Files and subdirectories within this repository may contain specific licenses that apply individually to that item.

FAQ

IBM QRadar SOAR uses PostgreSQL. Why can’t I just open up access to the PostgreSQL and query the DB directly?

The primary reason is because IBM QRadar SOAR doesn’t support direct database access. Why’s that? The DB schema is not documented and has a different semantic model than is exposed by the IBM QRadar SOAR REST API. It would be confusing to document two separate models. It’d also slow down the IBM QRadar SOAR team if we had to be concerned with breaking code that we didn’t write.

The DB schema changes for almost every release, which could mean breaking anything that is accessing the database directly.

You support PostgreSQL, can I create a new database on my IBM QRadar SOAR appliance and connect to that?

This is not recommended. It would be better to maintain the database on another system where queries won’t impact your running IBM QRadar SOAR instance.

Allowing access to the IBM QRadar SOAR appliance PostgreSQL instance can also compromise security of the appliance itself. It is possible to do it securely, but it would be somewhat complicated to configure properly. For example, the IBM QRadar SOAR appliance today doesn’t support TLS connections to the PostgreSQL port because it isn’t needed (all communication happens over localhost/loopback).

Is historical data maintained?

Not at this time.
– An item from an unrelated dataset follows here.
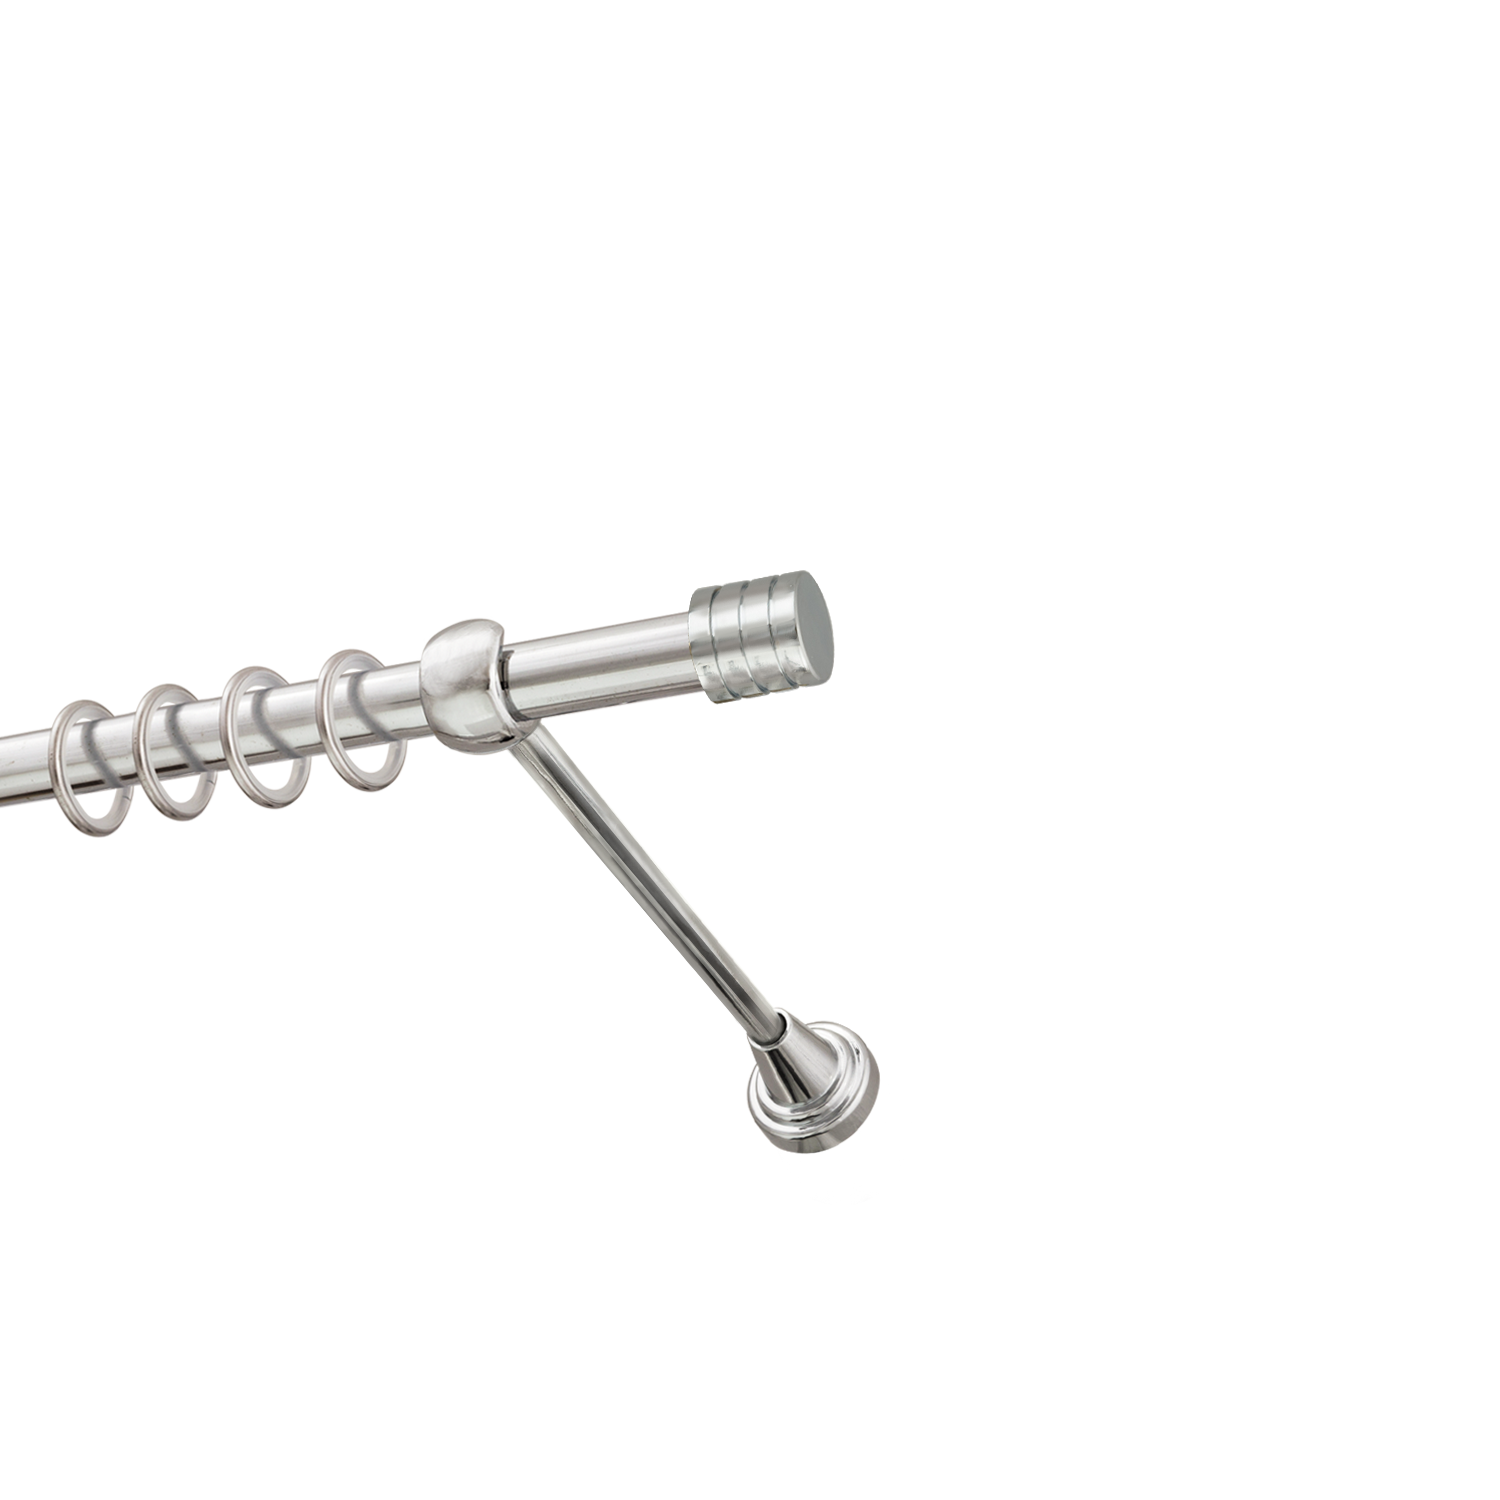 Металлический карниз для штор Подиум, однорядный 16 мм, серебро, гладкая штанга, длина 140 см - фото Wikidecor.ru

The data written represents the current snapshot. It would be possible to have the extension maintain historical data, but doing so would be non-trivial. If you have a need for historical data queries, we’d love to hear from you. Please log a GitHub issue that explains your use case in as much detail as you can.

Why isn’t “X” supported as a “feed destination”?

Do you need others? If so, we’d love to see a pull request from you! If you can’t do that, then maybe file an issue in GitHub and perhaps someone else can add it.

How does this perform?

It performs reasonably well because after initial data population, all updates are performed by reading messages from message queues.

There are opportunities for improvement however:

  • The queue processing is single threaded and would likely benefit from having multiple processor threads.

  • Updates to SQL data feeds are currently done one at a time and may benefit from being done using “bulk” updates.